Robert Schnur, adjunct taxation professor at UW Law School, told my class that once state's universally started statutorily approving LLCs, that he started cutting down his lecturing in his taxation courses on S corporations, pretty much to one class in a whole semester, solely because he believed that LLCs would pretty much crowd-out S corporations to oblivion. However, surprisingly to him, that has not occurred, and he has now stretched his teaching on the taxation of S corporations back out to the 2 weeks they had before. Lucky for me, I guess.
One more thing. Professor Schnur (I am not sure if that is the proper way to address him - oh well) told our class of a planning session he once had with a corporate client of his law firm, who was seeking to create a pass-through subsidiary (for whatever reason), and wanted his opinion on what form this new entity should be, considering the corporation's objectives. Professor Schnur gave his opinion that an LLC would clearly be the best form for this new entity - for both tax and non-tax reasons. The corporate client, however, decided otherwise. They chose an S corporation over Professor Schnur's misgivings, and stated that regardless of its pass-through taxation, limited liability properties, in their eyes, it was still too "new" of a creature for them to rely on. Professor Schnur suggested that this irrational apprehension might be shared by others in the corporate world (however, doubtful) and that maybe if there is more case law upholding its limited liability this may lead to more corporate embracement.

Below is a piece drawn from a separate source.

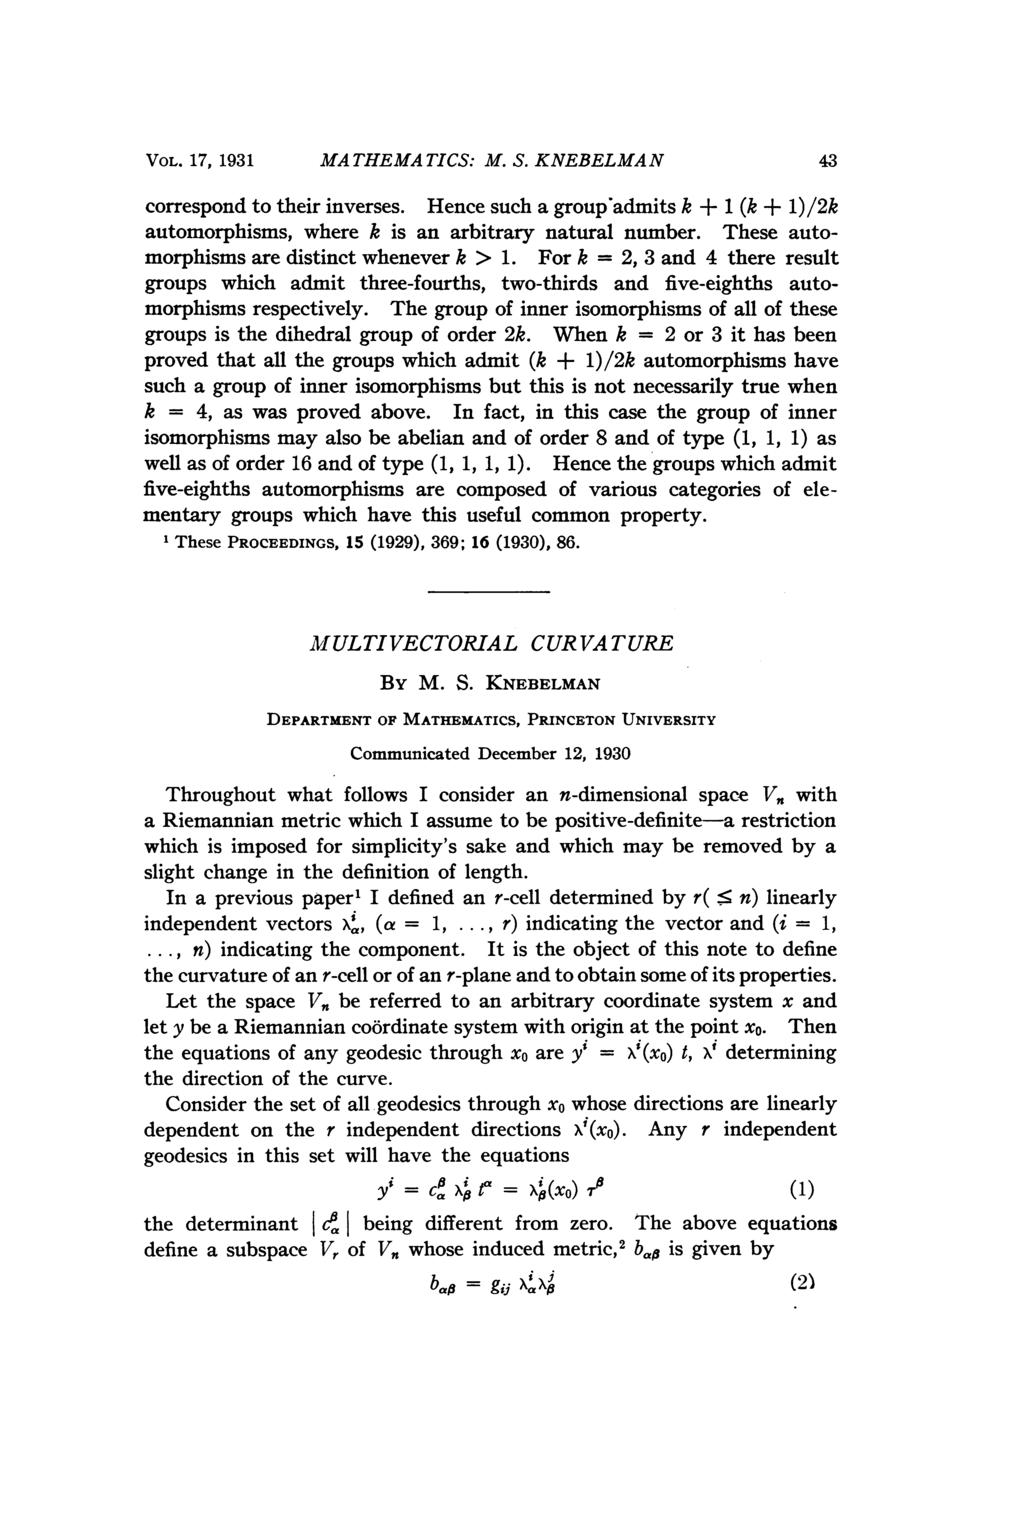 VOL. 17, 1931 MA THEMA TICS: M. S. KNEBELMAN 43 correspond to their inverses. Hence such a group admits k + 1 (k + 1)/2k automorphisms, where k is an arbitrary natural number.

Maybe if I forward your above link (see "many other states") to Professor Schnur, he'll start reducing the emphasis on S corporations: at least on his final. It will save me from some additional reading this weekend.


2. Posted by Gordon Smith on April 2, 2004 @ 9:03 | Permalink

Justin, Thanks for this comment. I have often heard this refrain from tax practitioners. It seems to me, however, that we are largely beyond the "LLCs are new" stage. At this point, inertia -- and some lingering differences in self-employment taxes -- might be the better explanation for the continued appeal of S Corporations.